Regression

Logistic, linear and conditional logistic regression - and when to use robust standard errors

Published

July 21, 2026

Under development. More model types and diagnostics are coming.

Regression examines the relationship between an outcome and one or more explanatory variables (your exposure plus covariates), and is how you adjust for confounding in the analysis.

The outcome is also called the dependent variable and the explanatory variables the independent ones. With one explanatory variable it is a simple regression; with several, a multiple regression. Explanatory variables can be either continuous (e.g. age) or categorical (e.g. sex).

Linear regression (lm): when the outcome is continuous (e.g. BMI or blood pressure). Gives differences in means.
Logistic regression (glm with family = binomial): when the outcome is binary (yes/no, e.g. whether a person got a diagnosis). Gives odds ratios.
Conditional logistic regression (survival::clogit()): for matched data (e.g. matched case-control), where the analysis must respect the matched sets.
Cox regression (survival::coxph()): when the outcome is time-to-event (time until an event, with censoring). It models the rate and gives hazard ratios. Cox is also a regression, but it lives under Time-to-event because it needs a Surv(time, event) object and builds on the censoring and survival concepts there. It is not used on a plain continuous or binary outcome without time.

glm stands for generalized linear model: one function that, via the family argument, can fit several model types (here binomial = logistic). clogit() is a “conditional” version of logistic regression that accounts for the matching. gtsummary::tbl_regression() shows the result as a publication-ready table.

Each model also rests on some assumptions. They are noted with each model below, together with how to check them; if they do not hold, the estimates can be misleading.

New to regression? This page shows how to run the models in R - not the theory behind them. For a thorough introduction (model types, assumptions, interpretation) see the Epidemiologist R Handbook and R for Data Science. If it is the statistical theory behind regression you are missing, Learning Statistics with R (Navarro) is beginner-friendly. More resources: Learning resources.

The code examples use generic path and variable names. Adapt them to your project. The packages used (gtsummary, survival, sandwich, lmtest) must be installed in your R environment on DST.

Starting point

library(dplyr) # %>% (pipe)
library(gtsummary) # tbl_regression() for clean output

df <- readRDS("path/to/analysis.rds") # analysis-ready dataset

Logistic regression (binary outcome)

model <- glm(
  outcome ~ exposure + age + sex, # outcome explained by exposure + covariates
  data = df,
  family = binomial
) # family = binomial -> logistic regression

model %>% # pass the model on to a table
  tbl_regression(exponentiate = TRUE) # exponentiate = TRUE -> odds ratios (OR)

family = binomial makes it logistic regression.
exponentiate = TRUE shows odds ratios (OR) instead of log-odds coefficients.

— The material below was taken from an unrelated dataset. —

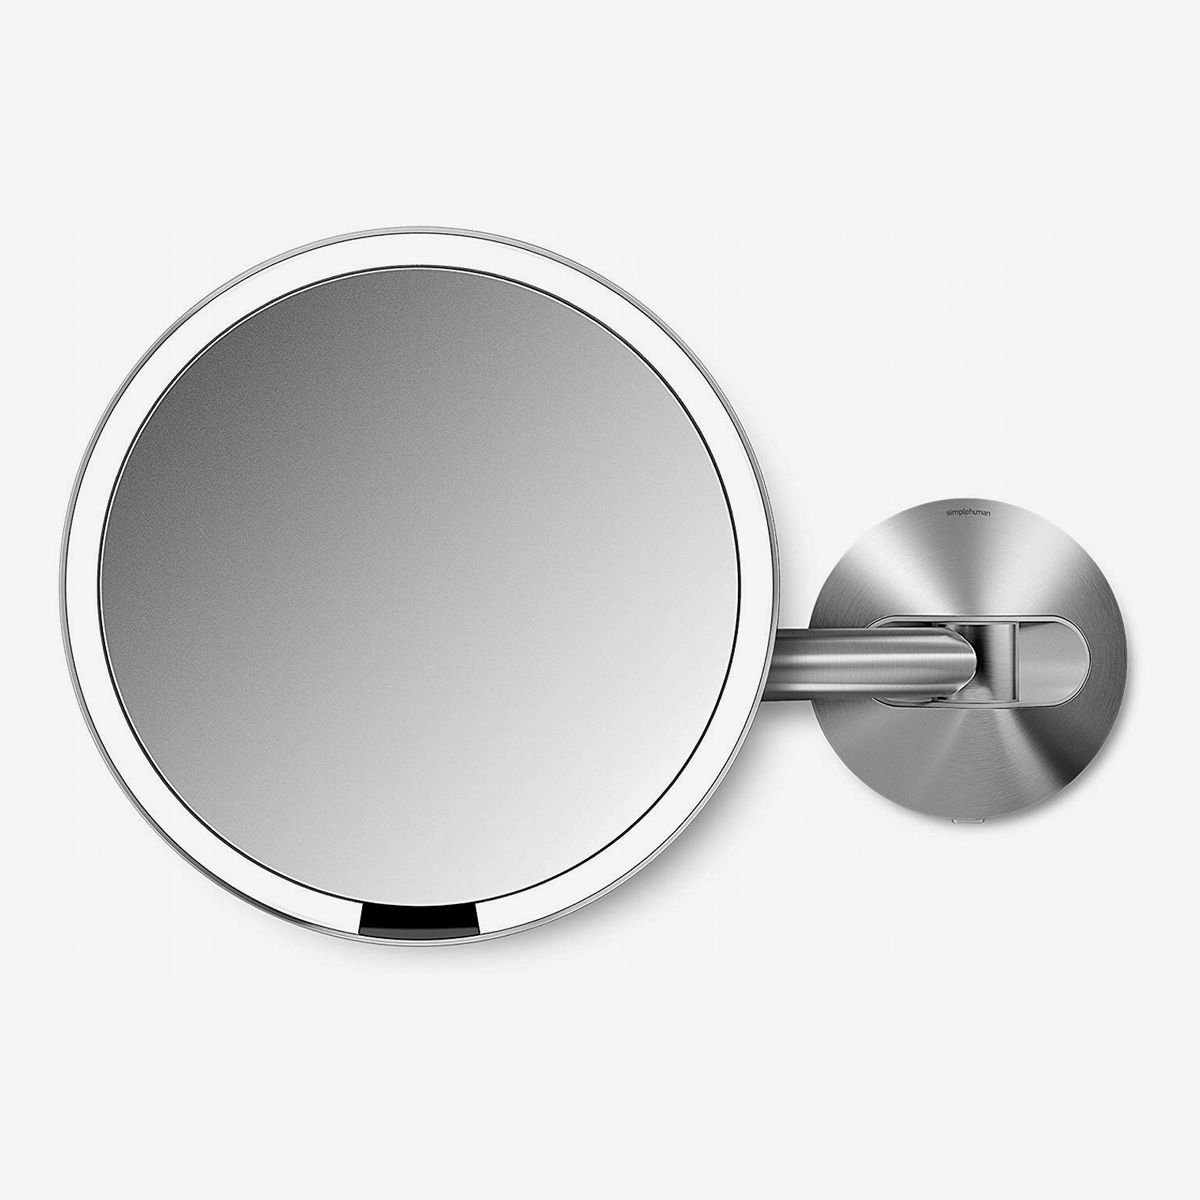 8INCH Lighted Makeup Mirror 10X Magnifying Wall Mounted Mirrors And Home Bathroom Vanity Makeup Mirror Bright Diffused Light And 360 Degree Swivel,Black,3X

Assumptions: the observations are independent (one row per person - otherwise use robust standard errors, see below), and continuous variables are linearly related to the log-odds. If linearity does not hold, you can let the variable enter as a smooth curve instead of a straight line - see Non-linear relationships (splines) below.

Linear regression (continuous outcome)

lm(bmi ~ exposure + age + sex, data = df) %>% # linear model for a continuous outcome
  tbl_regression() # coefficients (no exponentiation)

Assumptions: a linear relationship, constant variance (homoscedasticity), roughly normal residuals and independent observations. Save the model to a variable and check with plot(model), which gives the classic residual plots; if they look skewed, a transformation of the outcome or a different model may be needed.

Matched case-control: conditional logistic regression

When you have matched in a nested case-control design (Case-control), the analysis must respect the matching with conditional logistic regression. Use clogit() with a strata() term for the matched set.

library(survival) # clogit()

clogit(
  case ~ exposure + age + sex + strata(match_id), # strata() = the matched set
  data = cc
) %>% # cc = your case-control dataset (from Phase 10b)
  tbl_regression(exponentiate = TRUE) # -> odds ratios

strata(match_id) tells the model which rows belong to the same matched set (case.id from incidenceMatch() or Set from Epi::ccwc()).
case = 1 for a case, 0 for a control.

Assumptions: as for logistic regression (continuous variables linear with the log-odds; the matched sets independent of one another). The matching itself is handled by strata().

Interaction (effect modification)

Sometimes an exposure’s effect depends on a third variable: a drug may work more strongly in younger than older people, or a risk factor may hit men harder than women. This is called effect modification (or statistical interaction), and you examine it with a product term in the model.

# `*` expands to: exposure + sex + exposure:sex (the interaction term itself)
model <- glm(
  outcome ~ exposure * sex + age, # tests whether the exposure's effect depends on sex
  data = df,
  family = binomial
)

model %>%
  tbl_regression(exponentiate = TRUE) # OR for each term, including the interaction term

exposure * sex means “both variables plus their interplay”. It is the interaction term exposure:sex that you read off.
If the interaction term’s OR sits close to 1 (and p is large), the exposure works the same in the two groups. If it differs clearly from 1, the effect depends on sex, and you should then report group-specific estimates (e.g. by running the model separately for each sex, or with emmeans / marginaleffects).

Multiplicative vs. additive scale. A product term tests interaction on the multiplicative (ratio) scale: does the exposure change the odds ratio differently between groups? At the public-health level the additive scale (differences in absolute risk) is often more relevant, and it is measured with RERI (relative excess risk due to interaction). The two scales can give different answers, so be explicit about which you report. See Read more.

A subgroup analysis is not an interaction test. Running the model separately in two groups and seeing that one is “significant” and the other is not does not show that the effects differ. Only the interaction term (or a formal test of it) settles whether the difference is real.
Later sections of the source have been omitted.